# Speedsters as surrounds with Mini-Statements?



## SkidVT (Feb 17, 2013)

Haha, this bug has me in a bad way... I just finished putting together my Mini-Statements and haven't even covered them yet and I'm already looking at the next build. 

The Mini-Statements are awesome, but I do like the full sound of surround even with music. I don't run a center with music (most certainly with movies though) but do keep surrounds on just enough to pull the sound around. Currently those are Polk Monitor series and the sound neutral enough but don't really add much if that makes sense. I'd love to just do it and build Statement-Monitors but I don't have the room here and probably won't in the next place. I also know my amp (Yamaha RX-V673) won't handle that much speaker, it's a little taxed already if I get too ambitious with the volume. Eventually I need to move to pre/post but things like buying a house kind of preclude that for the time being. 

And, one of my best friends is getting married this spring and would appreciate a good pair of speakers for his den. 

Both of these give me an excuse to build a few more speakers, and the Speedsters look really promising. I can save a few bucks buying the components at PE since I hit the 4 piece quantity for everything which makes them more attractive. I won't have time for as involved of a build as the Mini-Statements, but the Speedster cabinets are super easy. 

I'm sure they would be ideal speakers for my friends place (two channel amp, small room, sitting on a bookshelf about 6' from the couch) but I don't know how they would pair with the Mini-Statements.

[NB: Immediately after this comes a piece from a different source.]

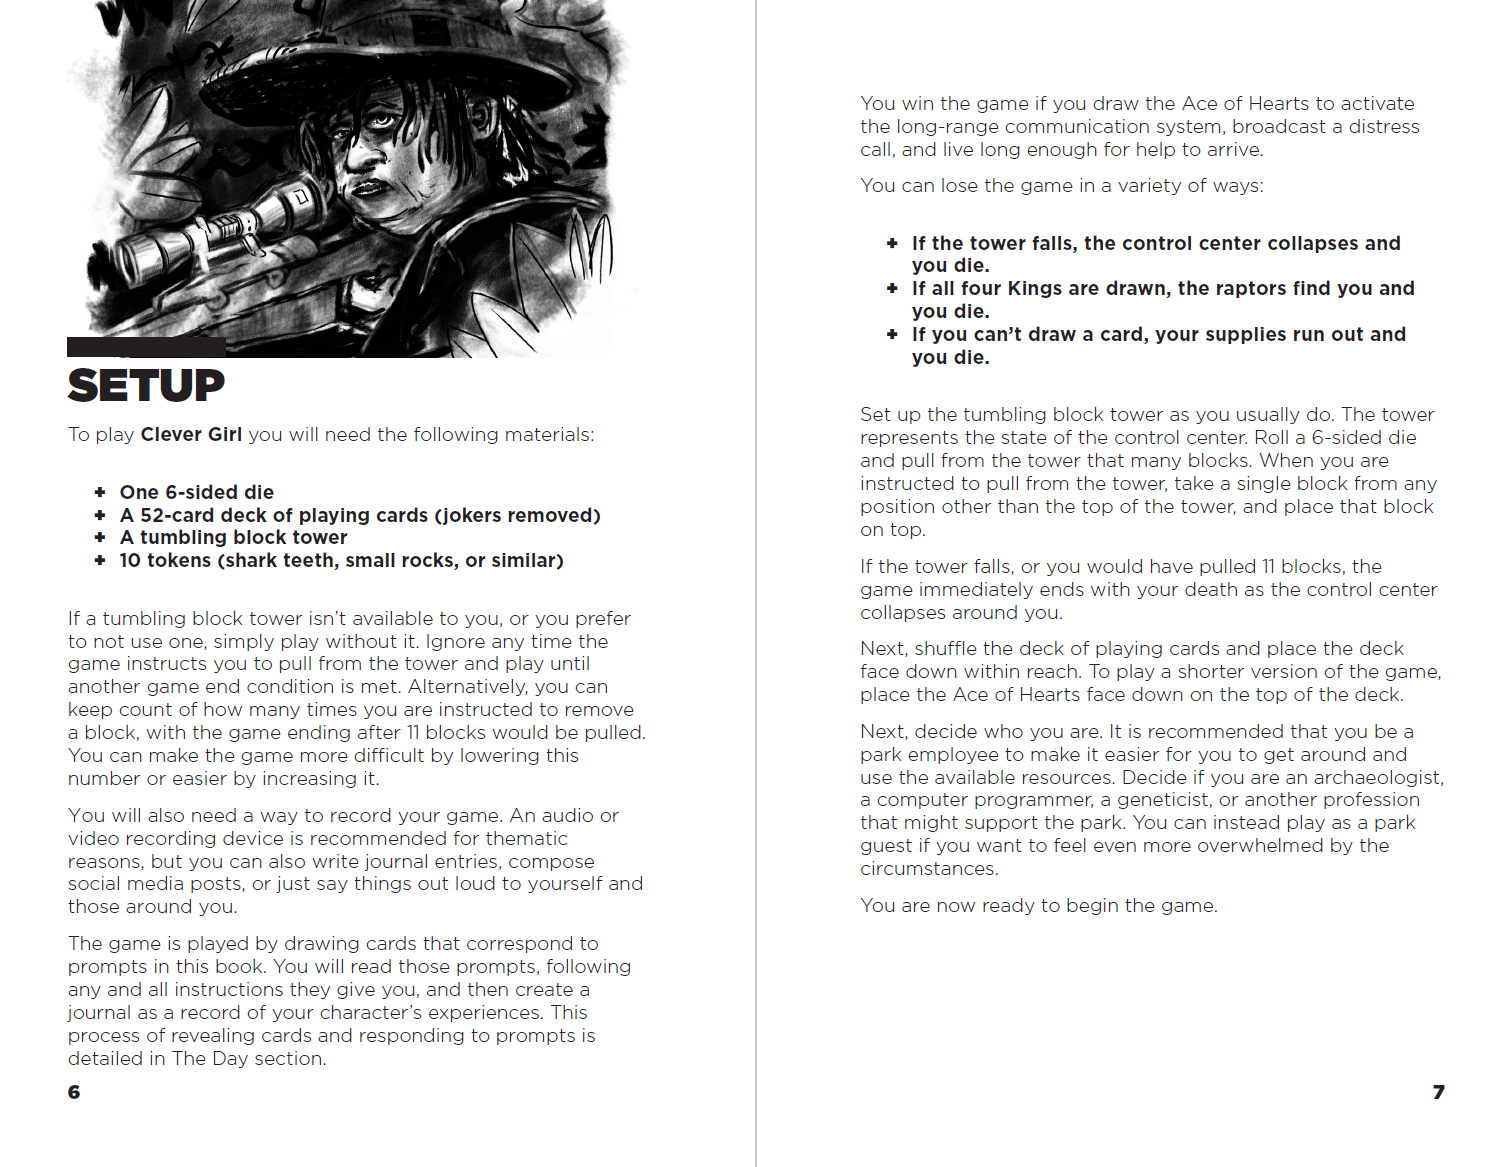 Clever Girl: Human Edition and Raptor Edition + PDF - Exalted Funeral
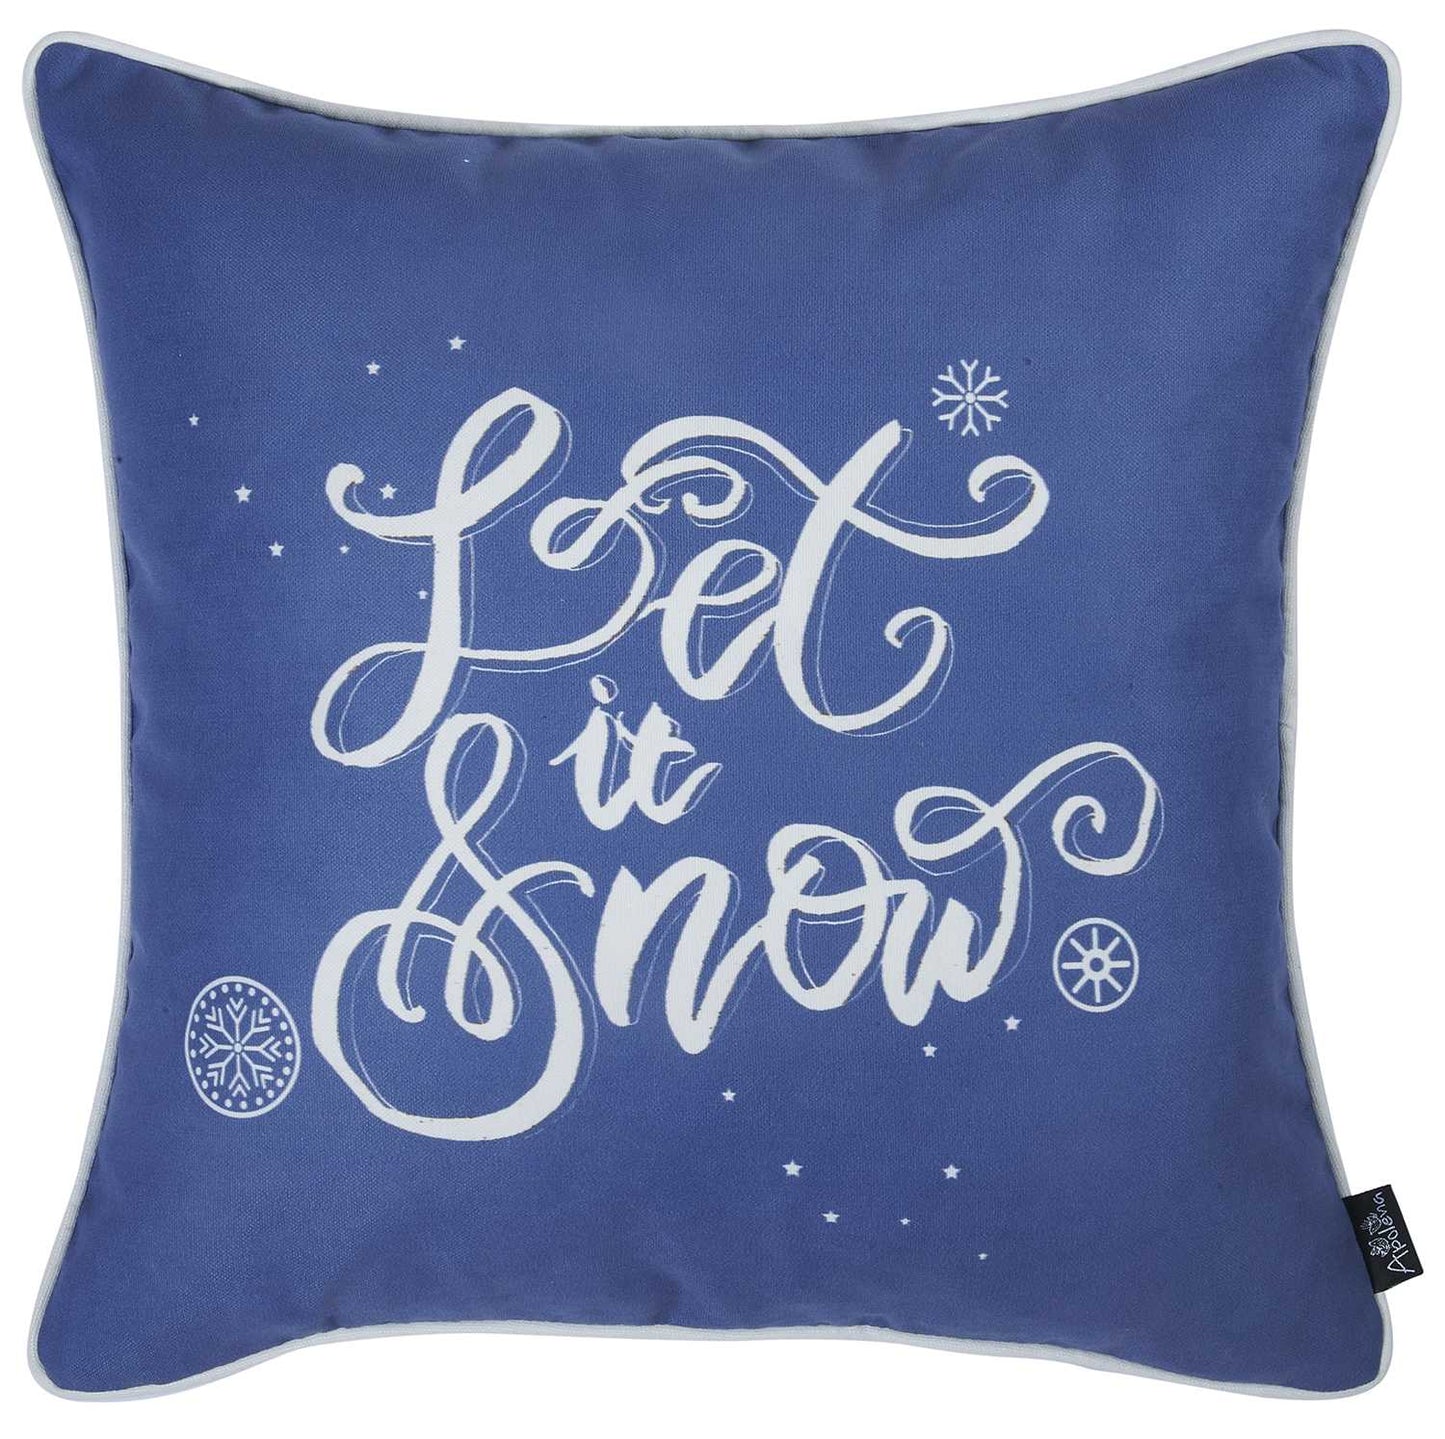 18"x18" Christmas Quote Printed Decorative Throw Pillow Cover

They both use the Fountek ribbons, so I think that would match up well. It would also just look sharp to have ribbons in all 4 corners of the room. Not sure about the woofers though. 

Has anyone else tried this? Any other contenders that I should look at? I'm still bouncing center channel ideas around but I see that Paul is working on a MTM tower, perhaps it could be reorganized for a center. How terrible would it be to set a Speedster on it's side and rotate the ribbon back to vertical?


----------



## xsilverjag (Jan 27, 2014)

considering the samething.


----------